__Exercise description__. Pictures aside, write every record out again word for word.

Excerpts from a dataset:
* * *

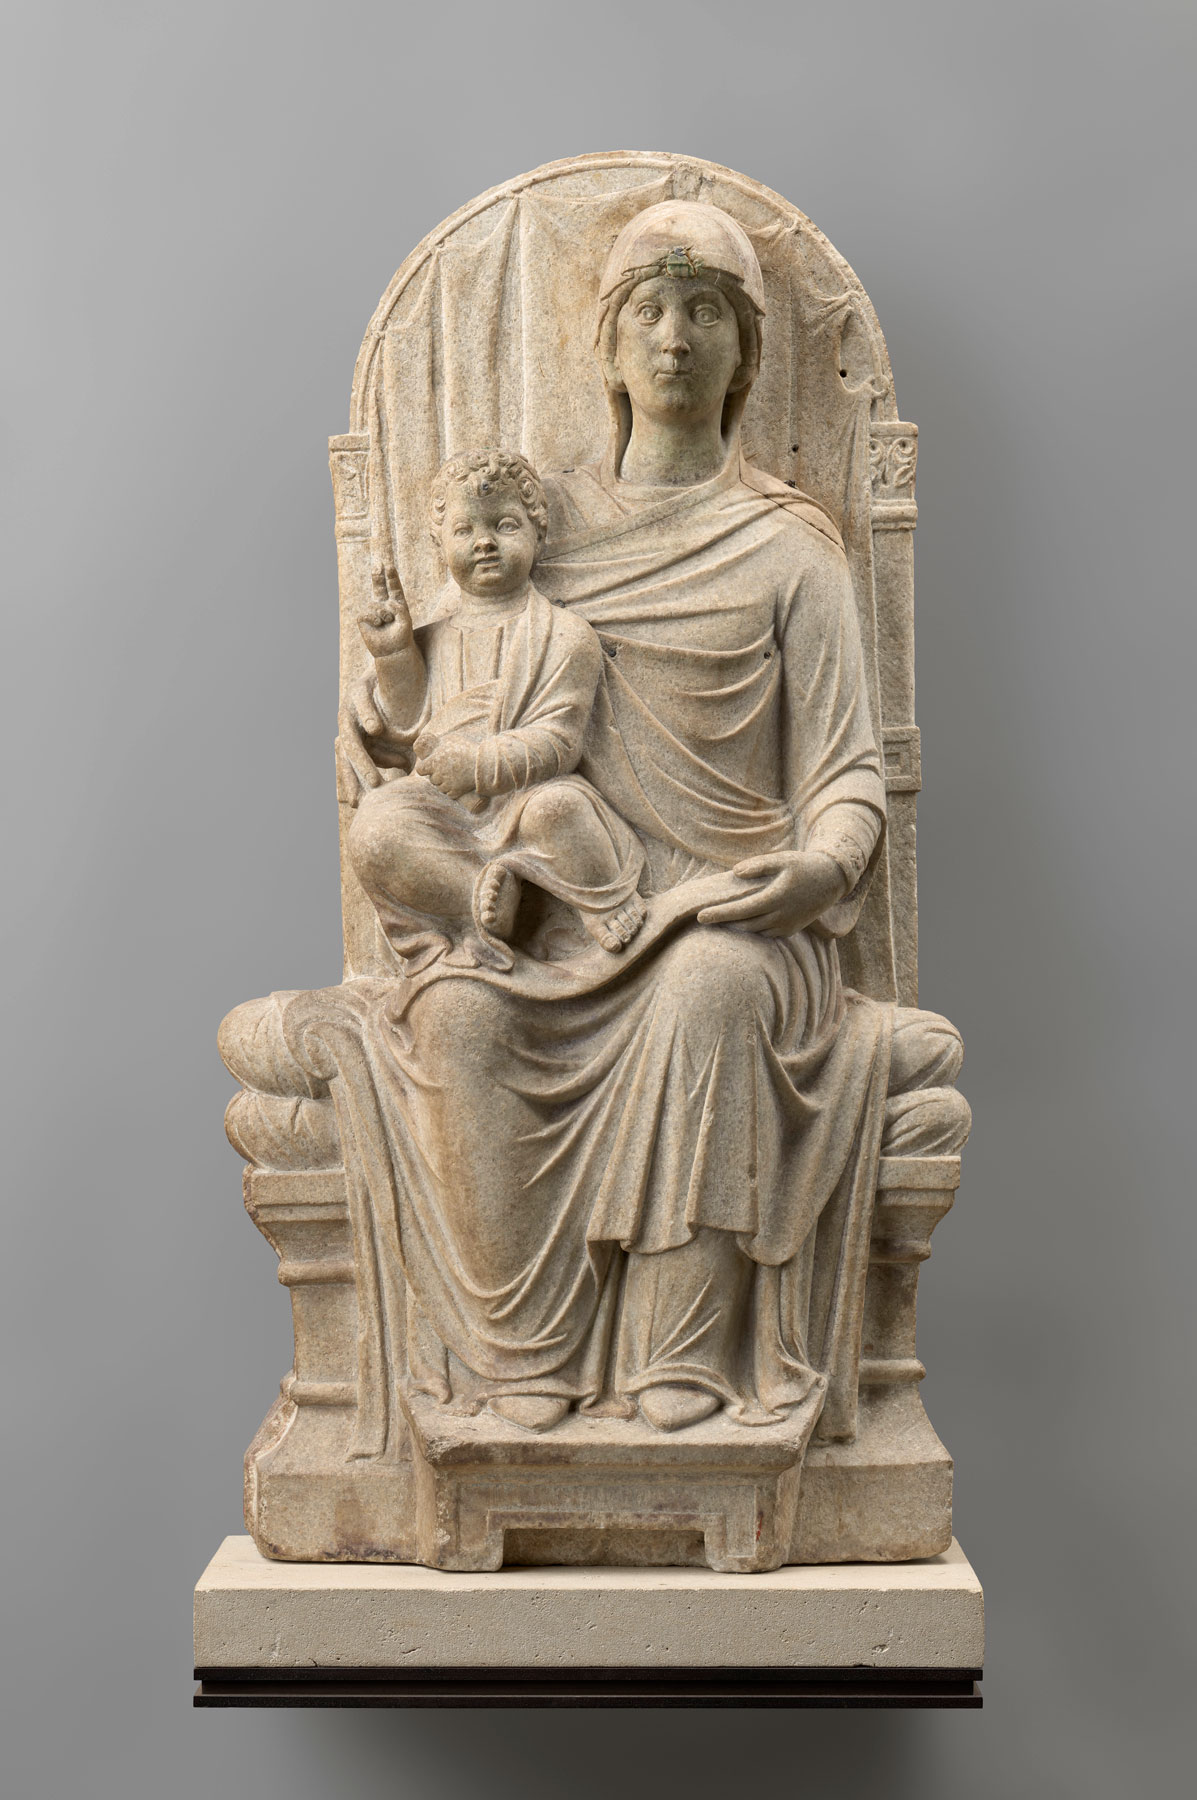 Maestro veneziano-ravennate, Madonna in trono con Bambino (fine del XIII secolo; marmo, 93,5 x 51,5 x 19,5 cm; Parigi, Louvre)
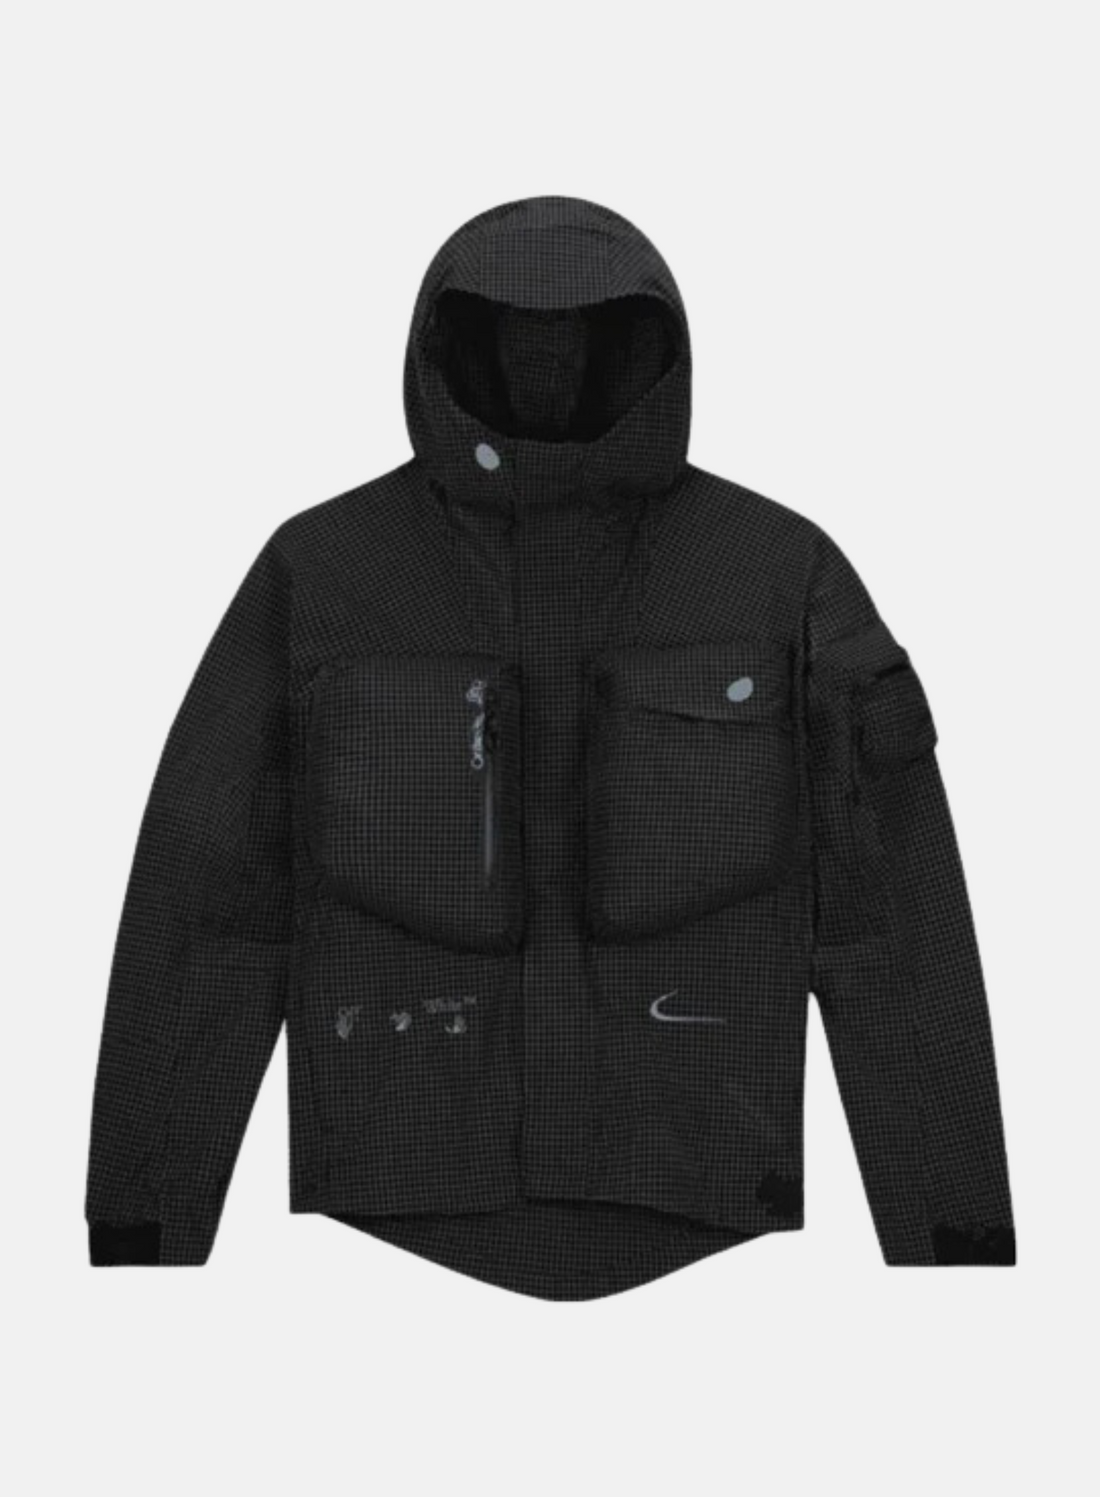 Nike x Off-White Nrg Track Jacket Black - Hympala Store 
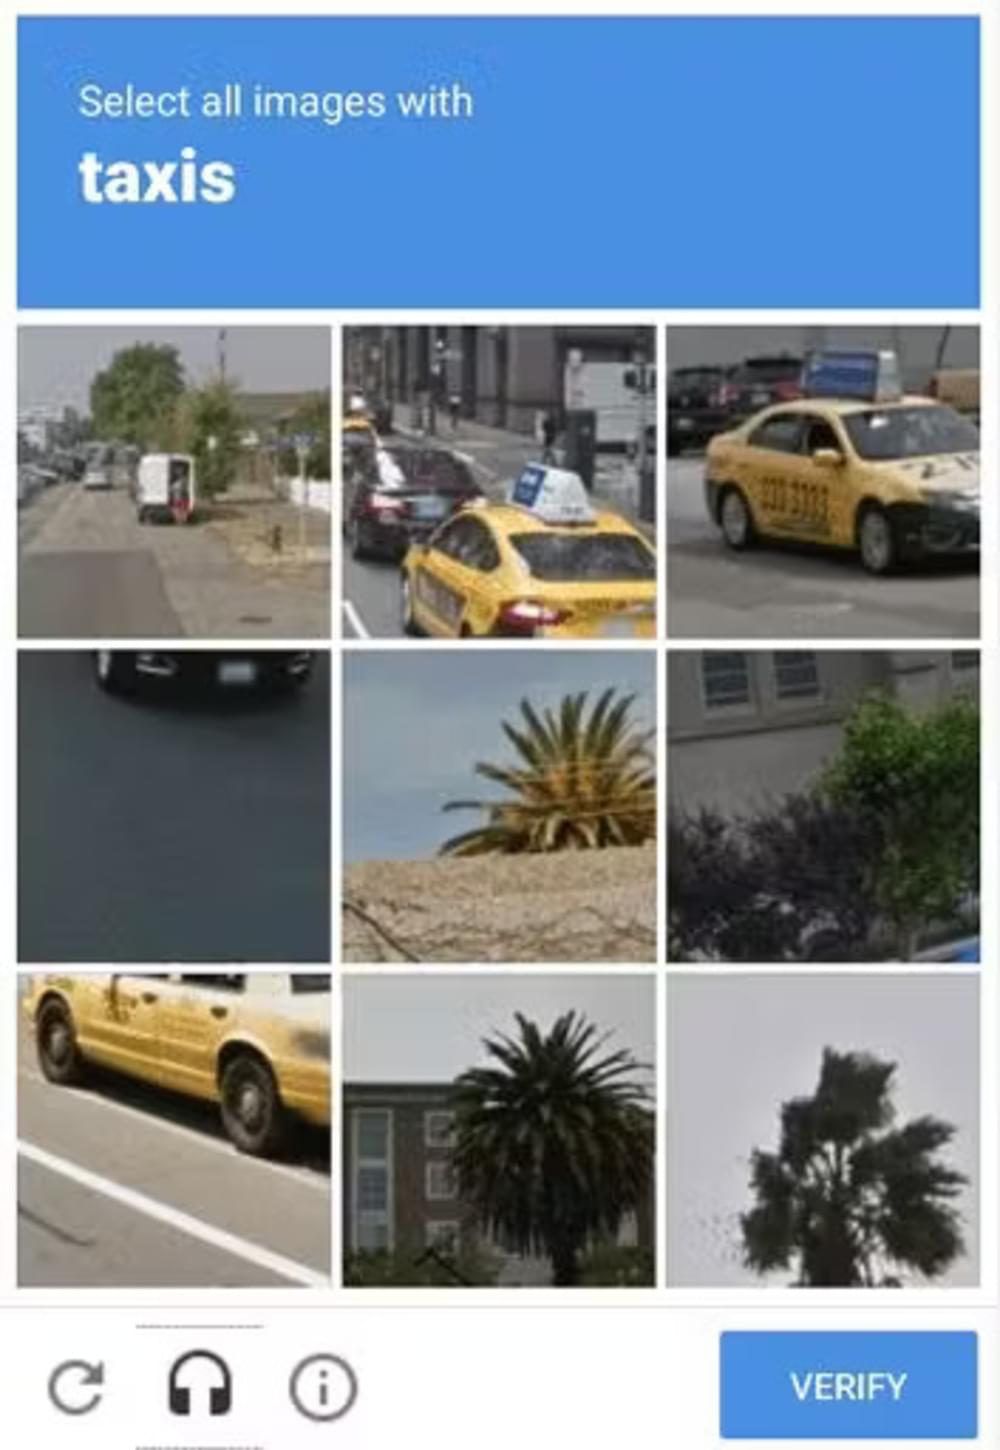 Image based CAPTCHAs
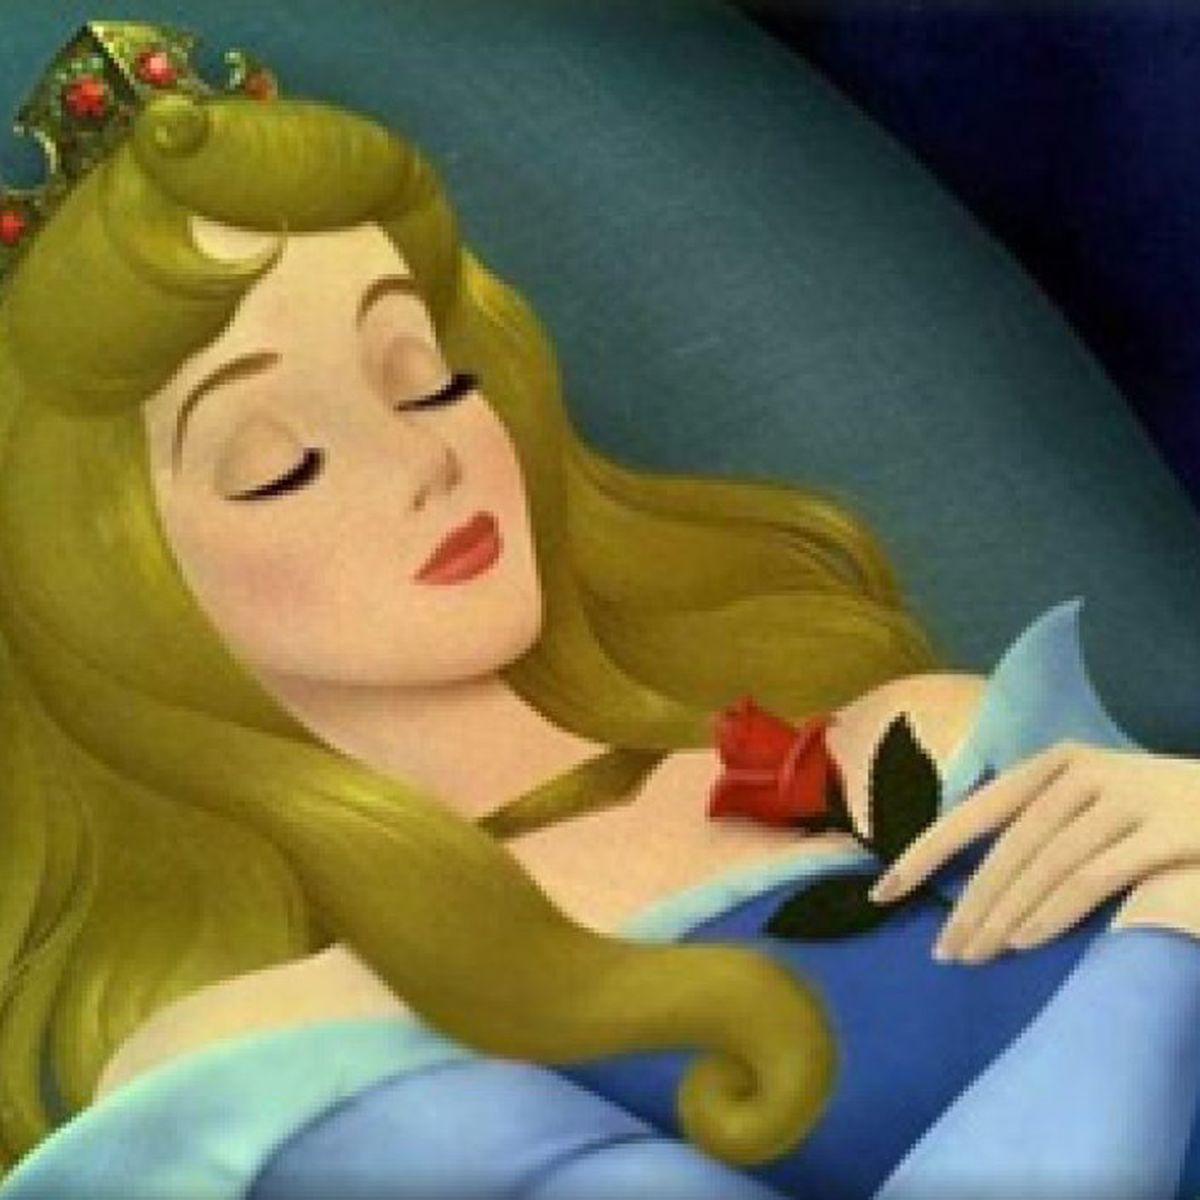 La Bella durmiente' cumple 50 años de reinado en Disney
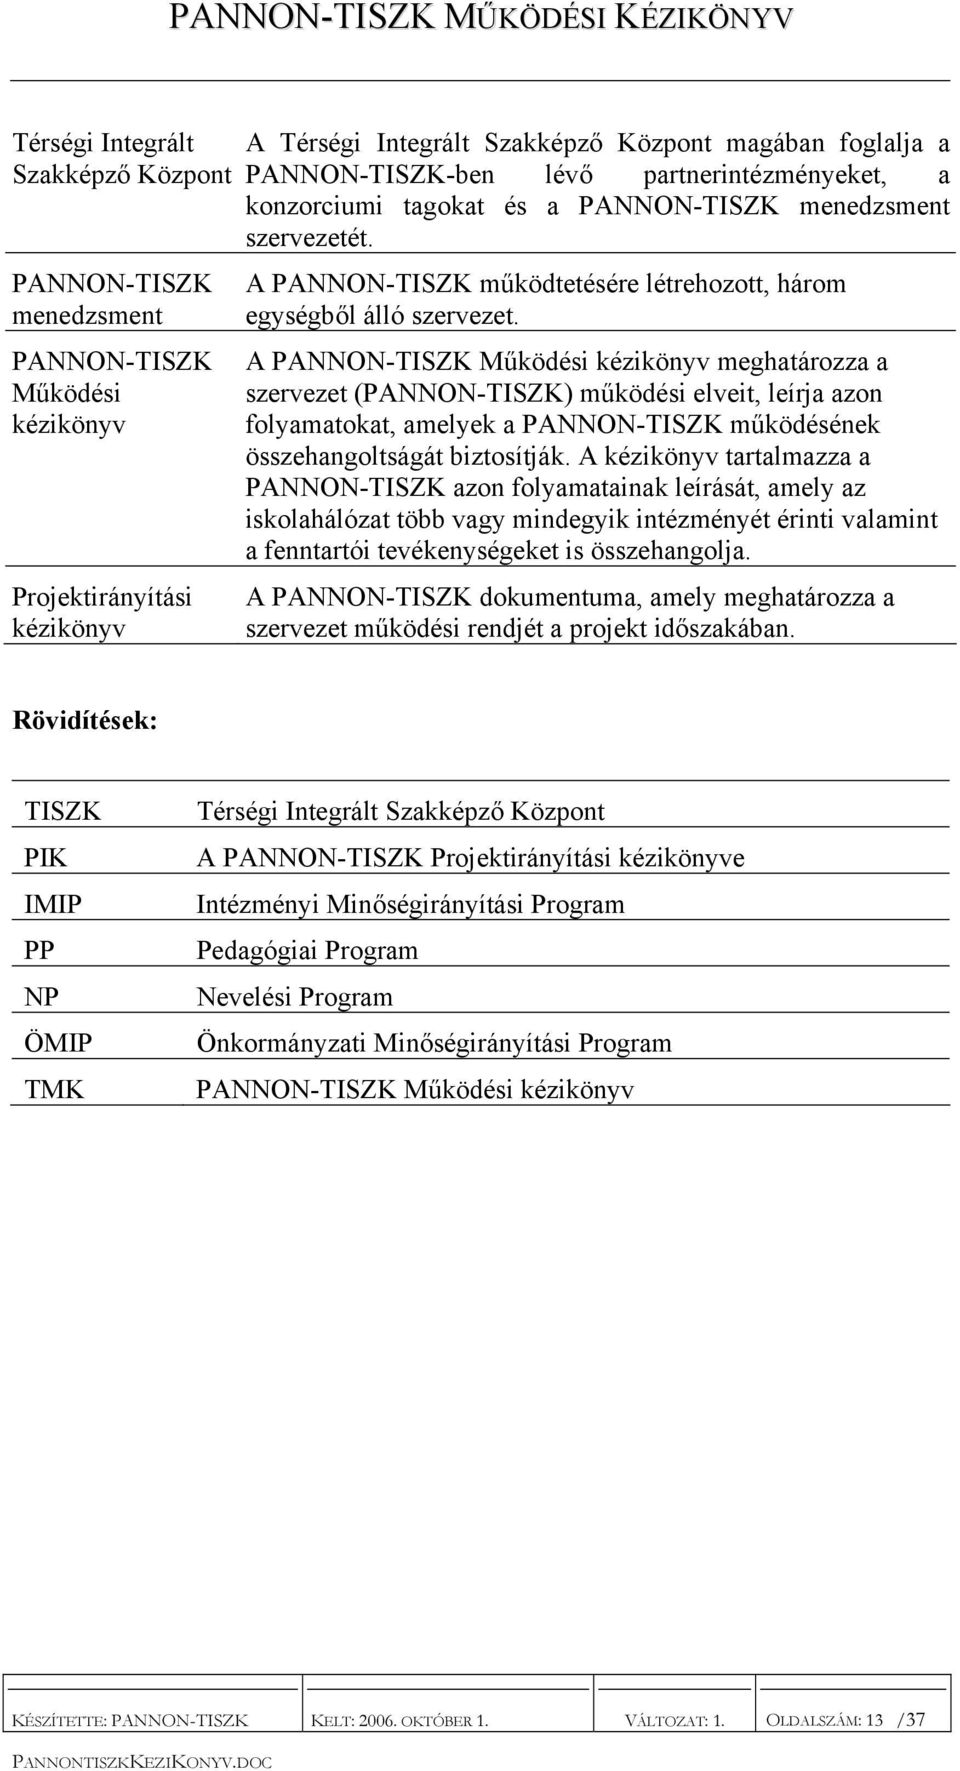 A PANNON-TISZK Működési kézikönyv meghatározza a szervezet (PANNON-TISZK) működési elveit, leírja azon folyamatokat, amelyek a PANNON-TISZK működésének összehangoltságát biztosítják.

* * *

__Final answer__.
 Maestro veneziano-ravennate, Madonna in trono con Bambino (fine del XIII secolo; marmo, 93,5 x 51,5 x 19,5 cm; Parigi, Louvre)
 Nike x Off-White Nrg Track Jacket Black - Hympala Store 
 Image based CAPTCHAs
 La Bella durmiente' cumple 50 años de reinado en Disney
 A PANNON-TISZK Működési kézikönyv meghatározza a szervezet (PANNON-TISZK) működési elveit, leírja azon folyamatokat, amelyek a PANNON-TISZK működésének összehangoltságát biztosítják.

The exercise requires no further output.